Iron is not the only nutritional deficiency that may result in anaemia. A short-age of some vitamins, especially vitamin B12 and folic acid, is essential for the efficient production of red blood cells. B12 is found in meat and dairy products and is stored in the liver once it has been eaten. If people have been eating a regular well- balanced diet, their livers will hold stores of B12 that will last for five years. Poverty in many parts of the world is such that famine, or near famine, has continued for more than five years and B12 deficiency may be a problem. Its absorption may also be affected by heavy alcohol intake or from a wide variety of intestinal diseases. Like-wise the production of the intrinsic factor by the stomach wall, which enables B12 to be absorbed, may be in short supply either from some genetic fault or an autoimmune disease, pernicious anaemia. Folic acid is also found in green vegetables, cereals and offal, particularly liver, but is not stored for long periods in the human body after absorption.
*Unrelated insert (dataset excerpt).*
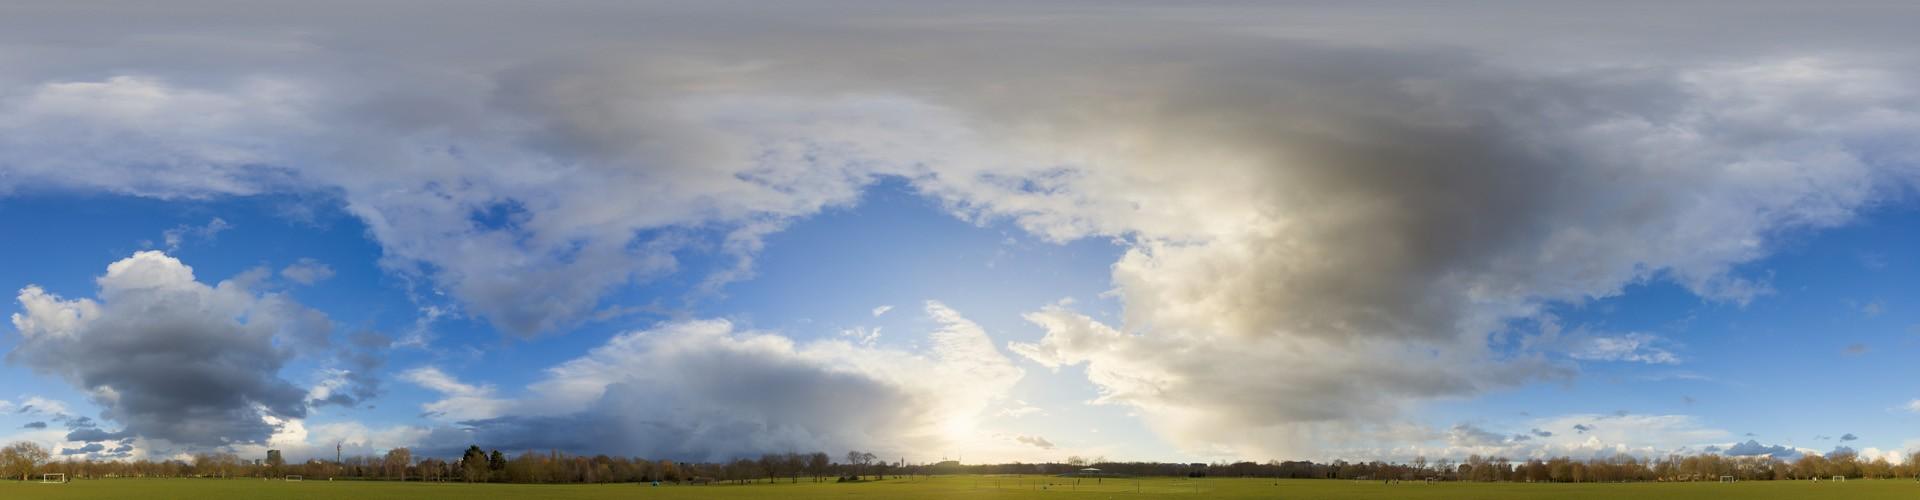 Rainy Clouds 3692 (30k) HDRI
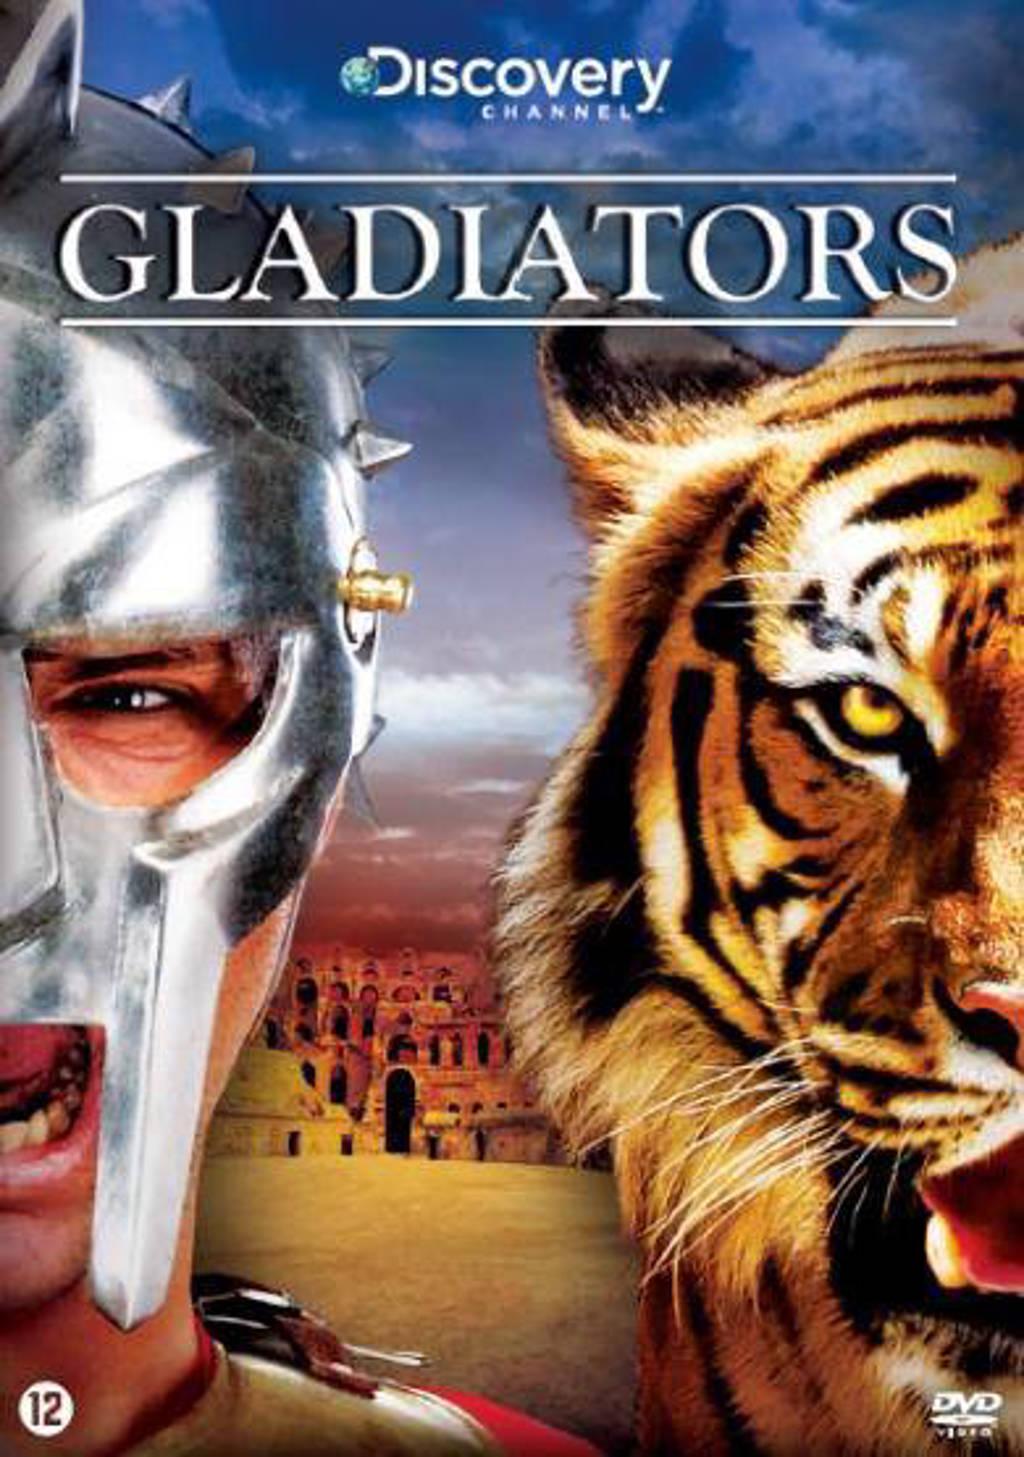 Gladiators (DVD)

One form of anaemia that is common in many parts of the world, is the iron deficiency anaemia of infancy. Breast milk offers a better supply of iron than cow’s milk or baby formula milk. If babies are fed on the bottle, and are not given other iron-containing foods, many will be anaemic – likewise babies who have been weaned too early onto fruit juices or other sugary concoctions, so that the baby doesn’t have a balanced diet rich in different flavours and textures between the ages of six and ten months. These babies are also liable to suffer from malnutrition. In one-inner city hospital the two predominant groups in the malnutrition clinic are children from the intellectual muesli-eating classes and those of harried and poor immigrants. It is now possible to buy better balanced iron-fortified formulas, but these won’t be universally available due to financial considerations either in this country or in the developing world.
As well as the ten to 15 per cent of women of reproductive age who suffer from anaemia in the UK, four out of 100 non-menstruating women and one in 100 men have low iron levels.
In adults, the symptoms of anaemia are often initially so vague as not to be noticed. They may at this stage cause no more than a feeling of listlessness and general malaise. As the anaemia deepens the symptoms may become more obvious and the patient and those around them will notice tiredness, breathlessness, loss of energy, palpitations, and some-times strange cravings for unusual foods. Among these cravings is that for ice. It is remarkable to witness this in African children who have probably had a low protein diet for years and as a result have iron deficiency anaemia. They clamour as vigorously for ice cubes as western children beg for Smarties or jelly babies.
Persistent anaemia causes sores, sparse hair, brittle flattened nails, palour and general debility. There are many causes of haemolytic anaemia, the anaemias in which the blood cells are broken down too quickly. Other conditions may result in a plastic anaemia – a failure of the bone factory in bone marrow to keep its production lines flowing.
Two diseases associated with anaemia and found in many parts of the developing world and in the western world where there has been immigration, are thalassaemia and sickle cell anaemia. Both can have a savage effect on life expectancy, and need skilled treatment.